Dans cet article présentant les premiers résultats d’une recherche sur un dispositif pédagogique mis en place dans le cadre d’une formation universitaire de professionnels de l’éducation en France, nous avons pu formuler quelques premières hypothèses concernant les remaniements subjectifs à l’oeuvre pour ces professionnels en formation. Nous avons précisé les conceptions du langage et du sujet qui soutiennent notre travail de recherche et notre pratique pédagogique, nous éloignant du concept d’identité au profit de celui de « je enseignant » (Blanchard-Laville, 2013). L’analyse du corpus que nous avons constitué pour ce travail nous a permis d’avancer l’hypothèse que l’un des enjeux de la formation des professionnels de l’éducation serait de proposer des dispositifs offrant une forme de réflexivité qui favorise la créativité professionnelle. Pour cela, nous avons pris soin, en nous appuyant sur des travaux récents dans le champ psychanalytique, de préciser la distinction entre la « réflexivité inconsciente » et la réflexivité Schönienne dont une lecture vulgarisée semble avoir fortement influencé les référentiels de compétence en usage dans l’Éducation nationale en France.

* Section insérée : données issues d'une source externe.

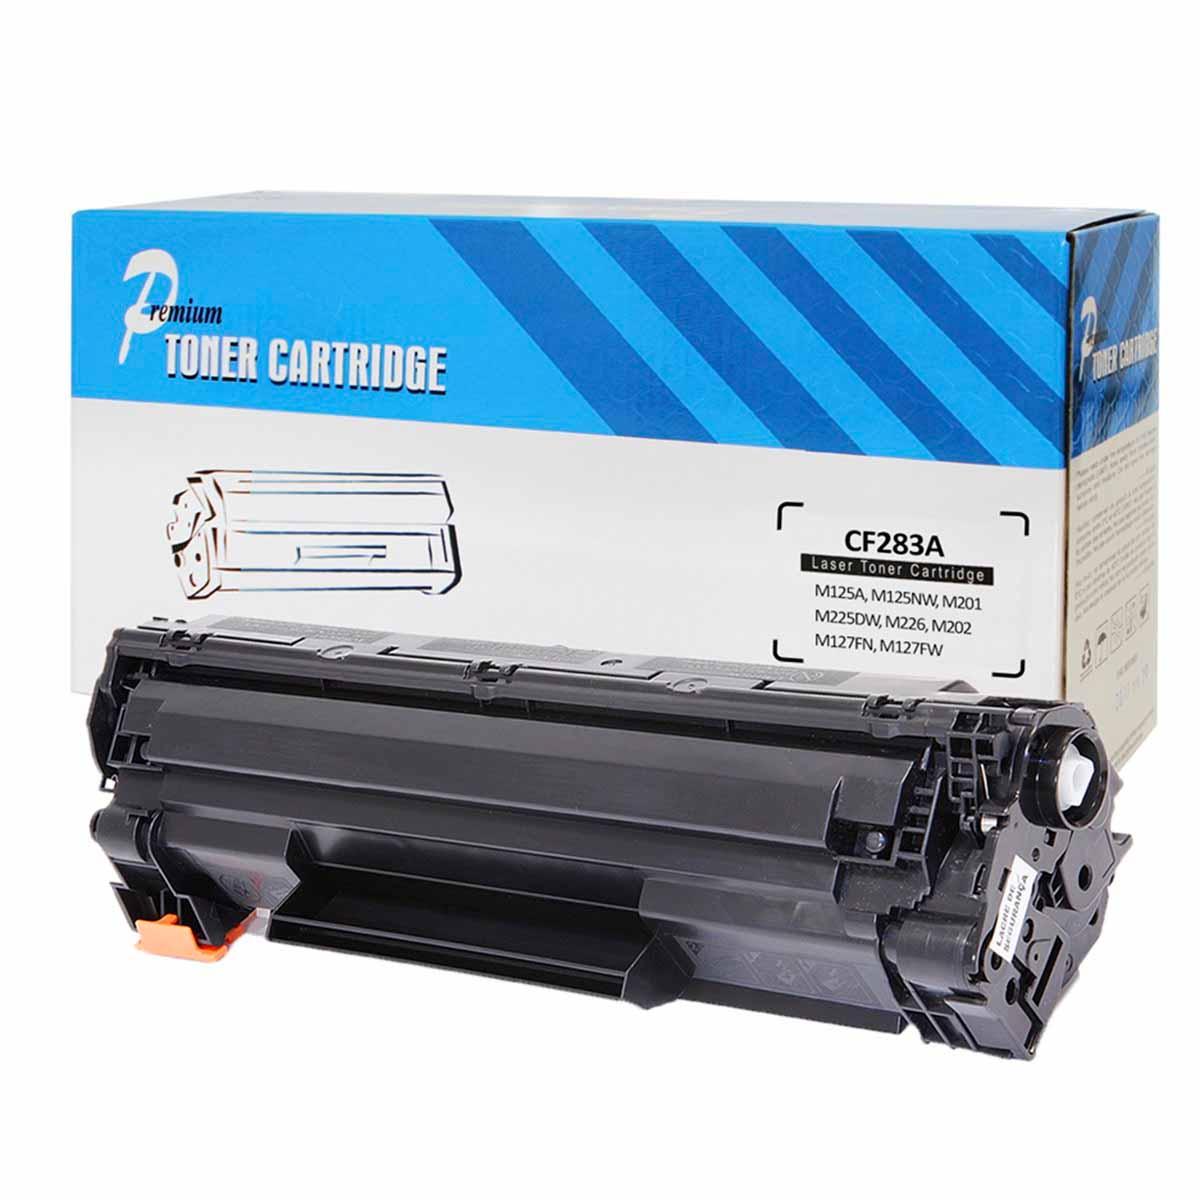 CARTUCHO HP (CF283A/83A) M127FN/M127FW/M127/M125/M201/M225/M226/M202/M201DW COMPATÍVEL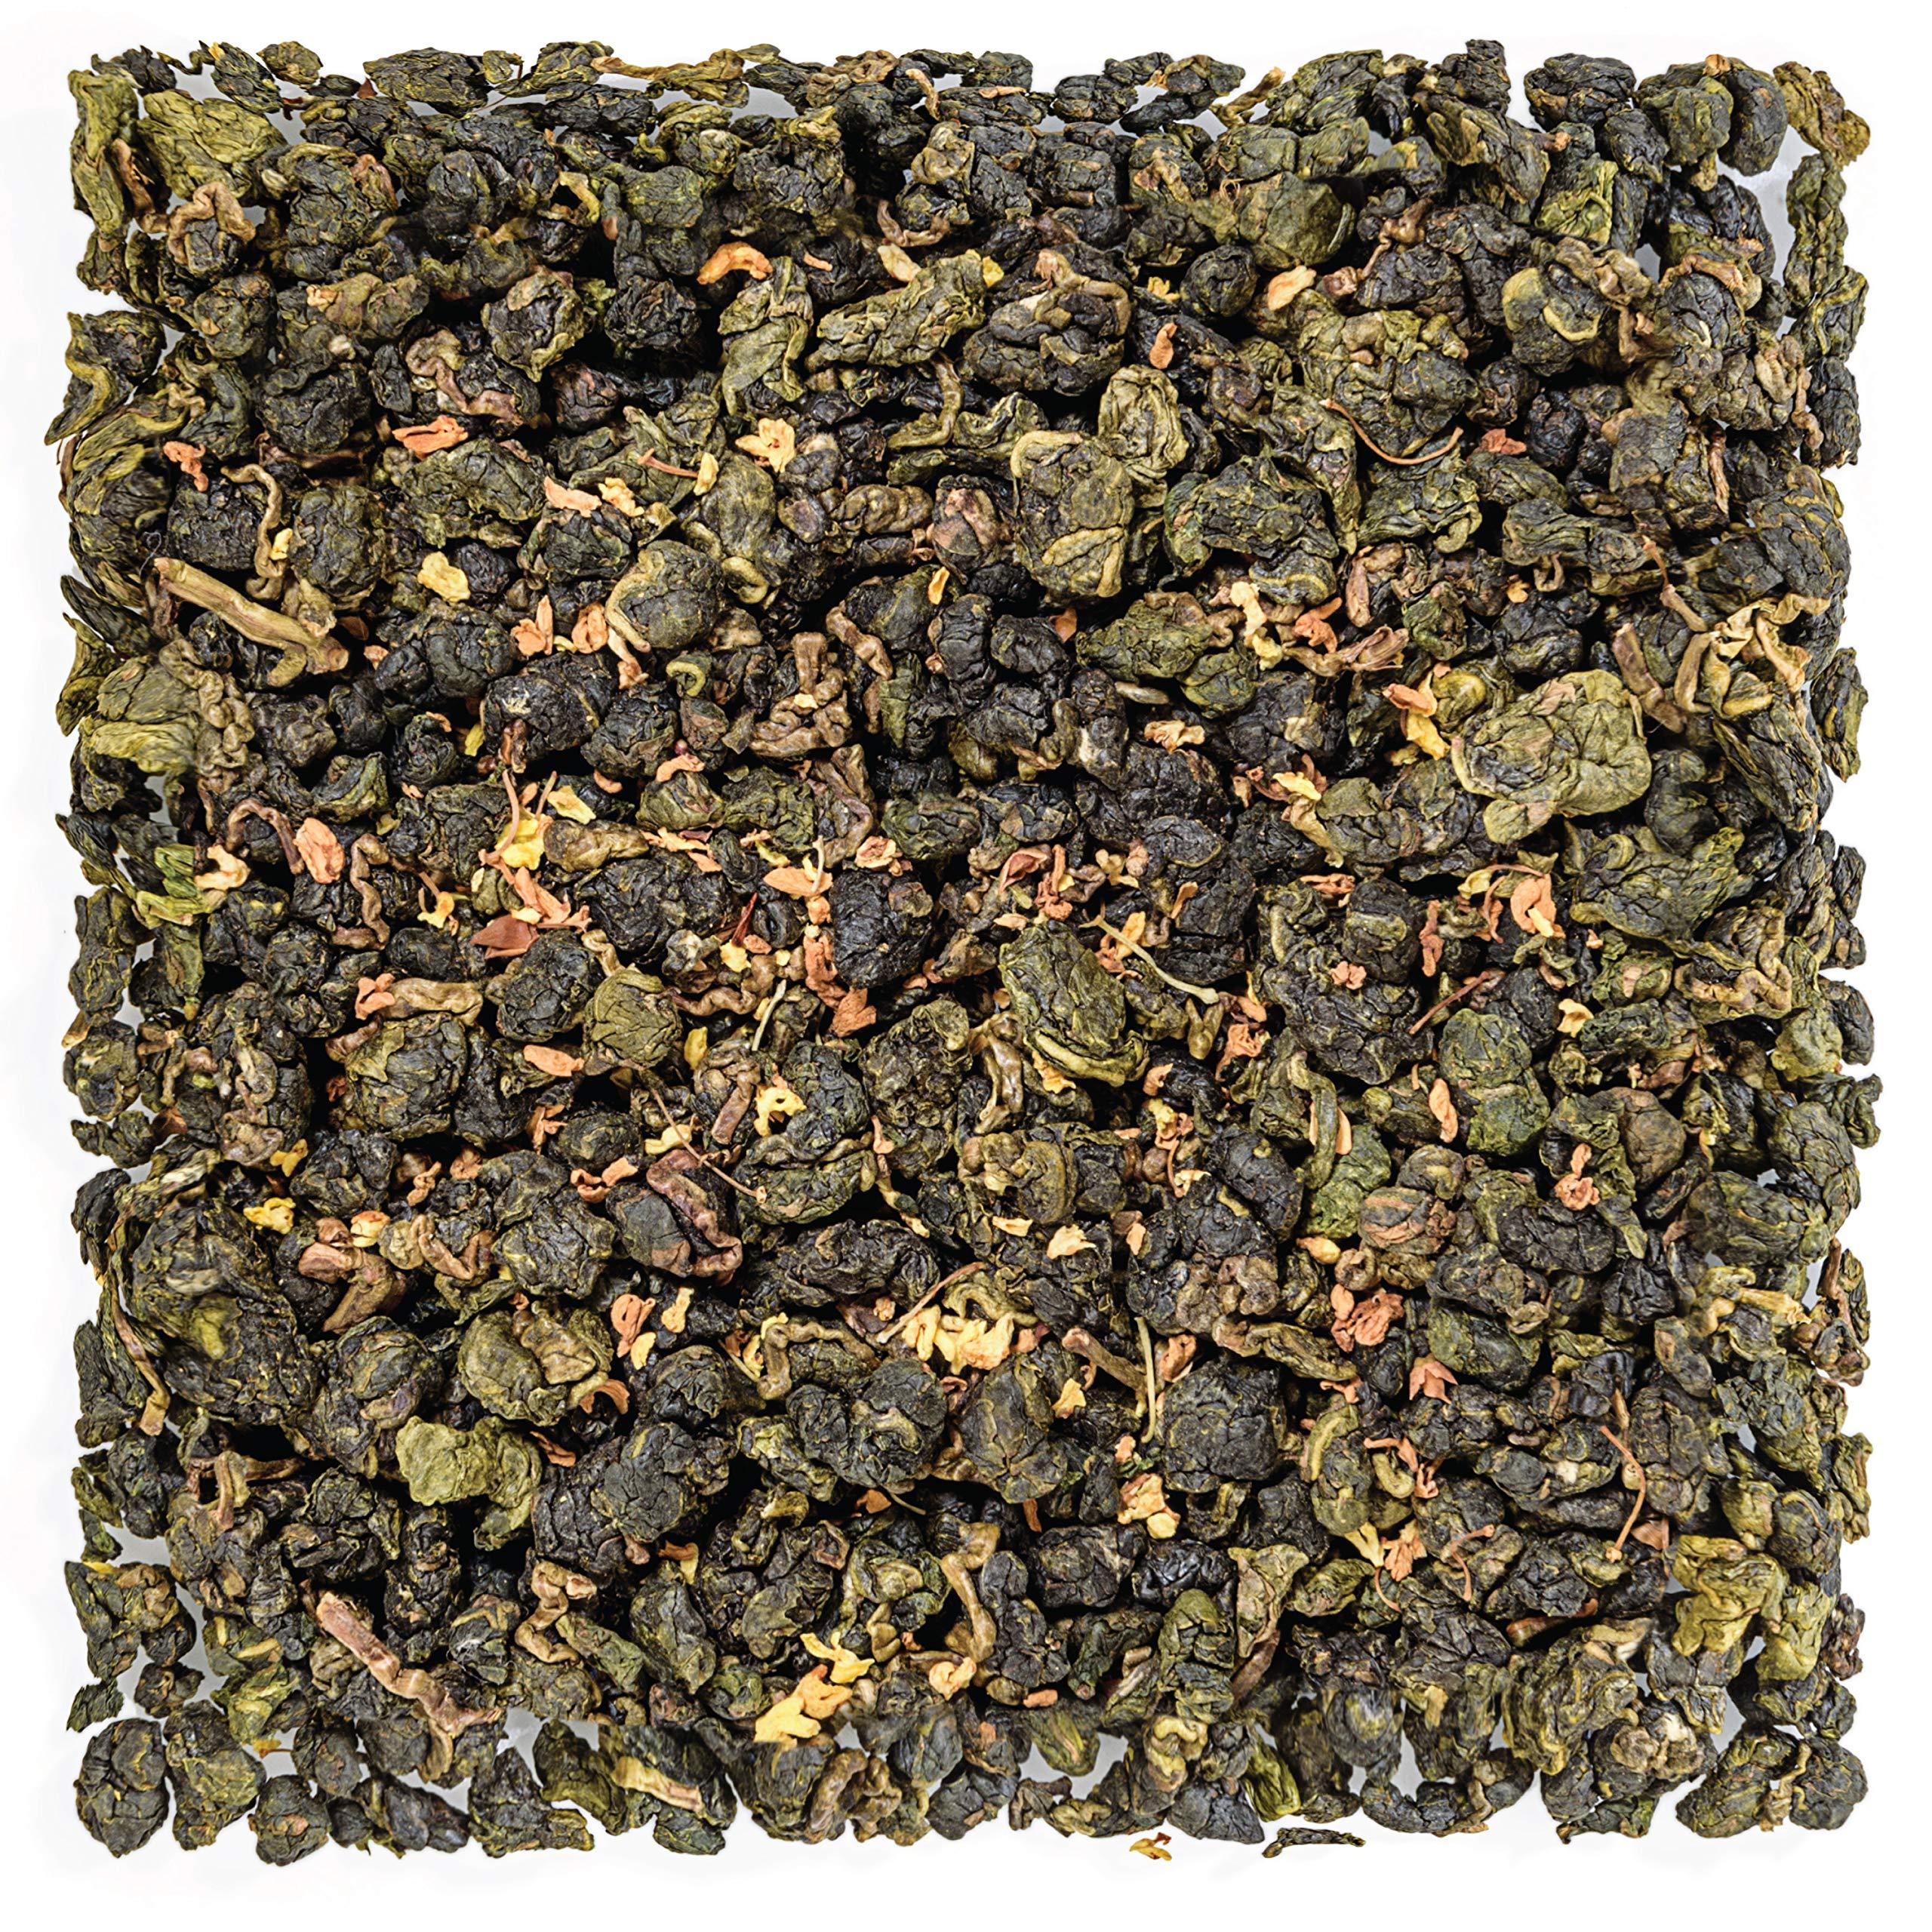 Tealyra - Osmanthus Gui Hua Oolong - Taiwanese Oolong Loose Leafe Tea - Sweet and Aromatic Taste - Organically Produced - 220g (8-ounce)

Ces hypothèses mériteraient des prolongements pour être davantage étayées. Par exemple, l’écriture monographique et la correspondance relevant en partie d’une forme d’écriture de soi – comme nous l’avons montré dans des recherches précédentes (Dubois, 2011 ; Geffard, 2015) –, il nous semble que « l’adresse plus ou moins implicite à un autre peut apparaître [...] comme un moyen permettant au sujet de se relier à lui-même, de s’éprouver et de se penser lui-même et donc de se transformer au sein d’un nouveau rapport à soi » (Jung, 2016, p. 48). De nouvelles pistes mettant en lien écriture de soi et réflexivité pourraient apporter des éclairages féconds sur les enjeux de formation des professionnels de l’éducation dans des dispositifs du type de celui que nous proposons.